In many cases when people ask this question, what they really want to know is: What kind of things can I, and can I not, put into a lambda?

And for that question, I think a few simple rules of thumb will be sufficient.

  • If it doesn’t return a value, it isn’t an expression and can’t be put into a lambda.
  • If you can imagine it in an assignment statement, on the right-hand side of the equals sign, it is an expression and can be put into a lambda.

Using these rules means that:

  1. Assignment statements cannot be used in lambda. In Python, assignment statements don’t return anything, not even None (null).
  2. Simple things such as mathematical operations, string operations, list comprehensions, etc. are OK in a lambda.
  3. Function calls are expressions. It is OK to put a function call in a lambda, and to pass arguments to that function. Doing this wraps the function call (arguments and all) inside a new, anonymous function.
  4. In Python 3, print became a function, so in Python 3+, print(…) can be used in a lambda.
  5. Even functions that return None, like the print function in Python 3, can be used in a lambda.
  6. Conditional expressions, which were introduced in Python 2.5, are expressions (and not merely a different syntax for an if/else statement). They return a value, and can be used in a lambda.
    lambda: a if some_condition() else b
    lambda x: ‘big’ if x > 100 else ‘small’

 

Second Lambda is confusing because: the specification that a lambda can take only a single expression raises the question: Why? Why only one expression? Why not multiple expressions? Why not statements?

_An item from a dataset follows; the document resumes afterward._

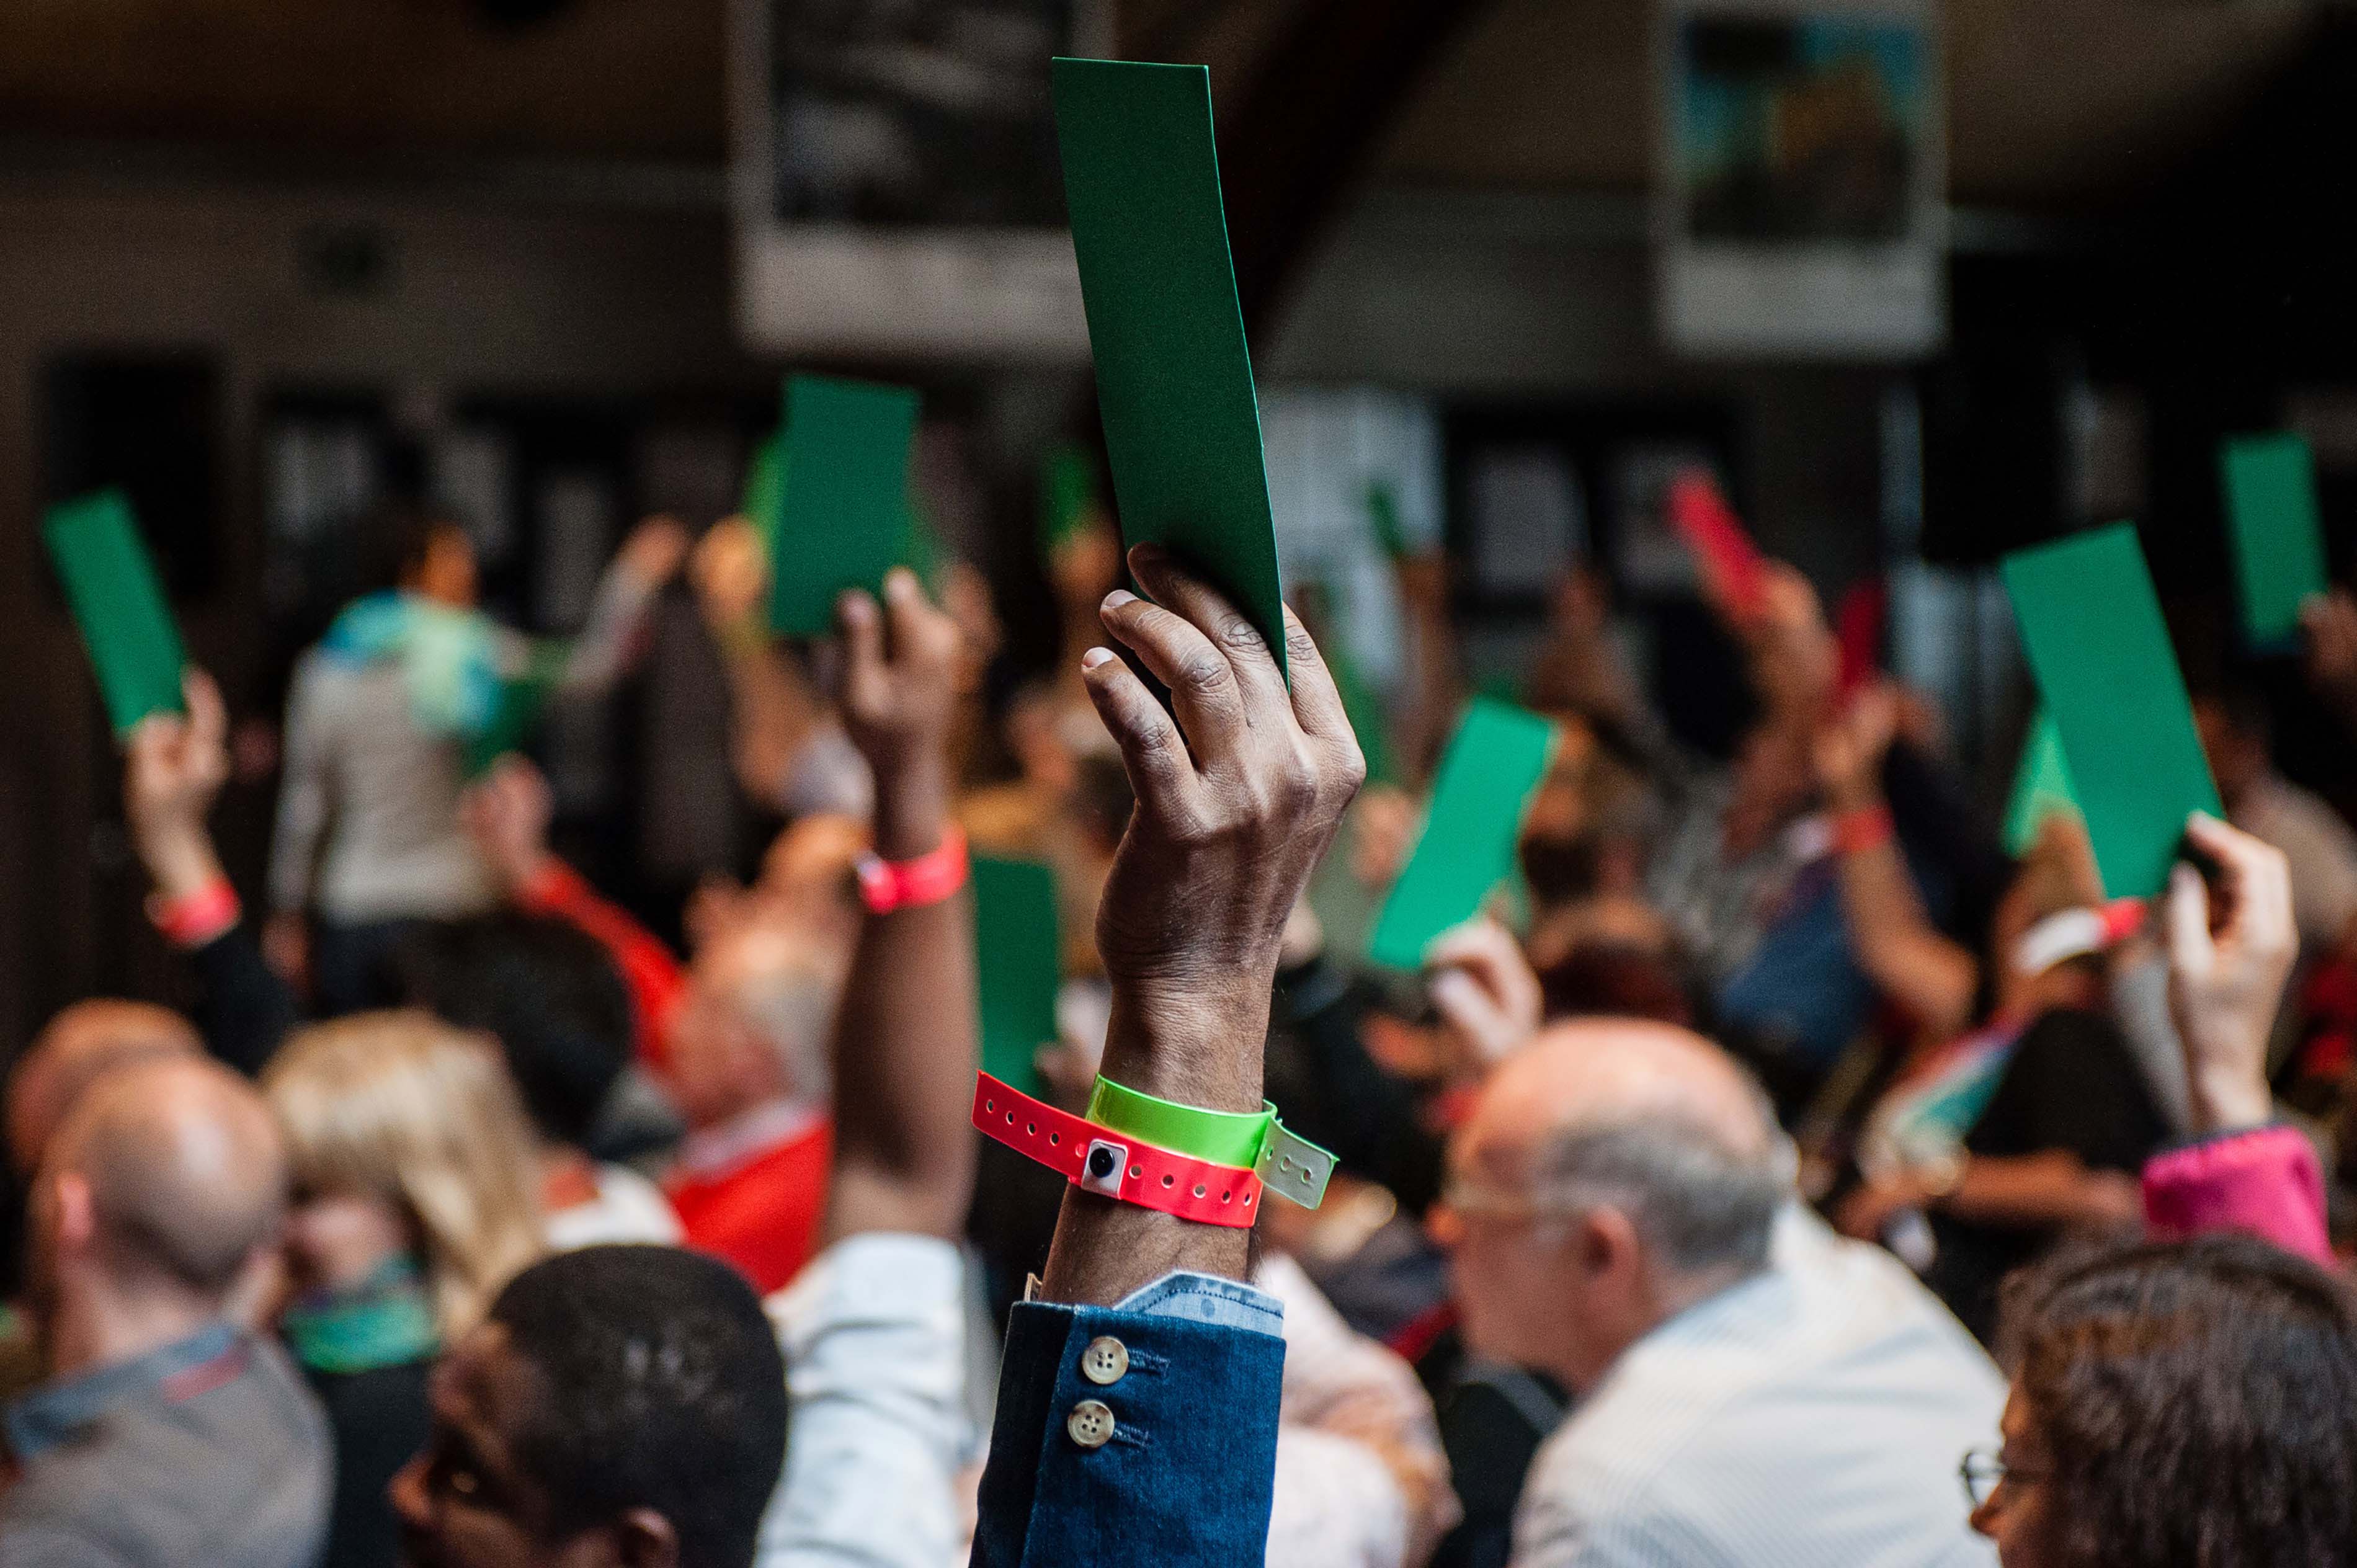 The International General Assembly (IGA), June 2013, Brussels. The IGA is the highest governance body within MSF. It safeguards our medical humanitarian mission and provides general and strategic orientations across the movement. The assembly is composed of two representatives from each MSF association and the MSF International President. Each representative has a single independent vote.

For some developers, this question means simply Why is the Python lambda syntax so weird? For others, especially those with a Lisp background, the question means Why is Python’s lambda so crippled? Why isn’t it as powerful as Lisp’s lambda?

The answer is complicated, and it involves the “pythonicity” of Python’s syntax. Lambda was a relatively late addition to Python. By the time that it was added, Python syntax had become well established. Under the circumstances, the syntax for lambda had to be shoe-horned into the established Python syntax in a “pythonic” way. And that placed certain limitations on the kinds of things that could be done in lambdas.

Frankly, I still think the syntax for lambda looks a little weird. Be that as it may, Guido has explained why lambda’s syntax is not going to change. Python will not become Lisp.[3]

 

Third Lambda is confusing because: lambda is usually described as a tool for creating functions, but a lambda specification does not contain a return statement.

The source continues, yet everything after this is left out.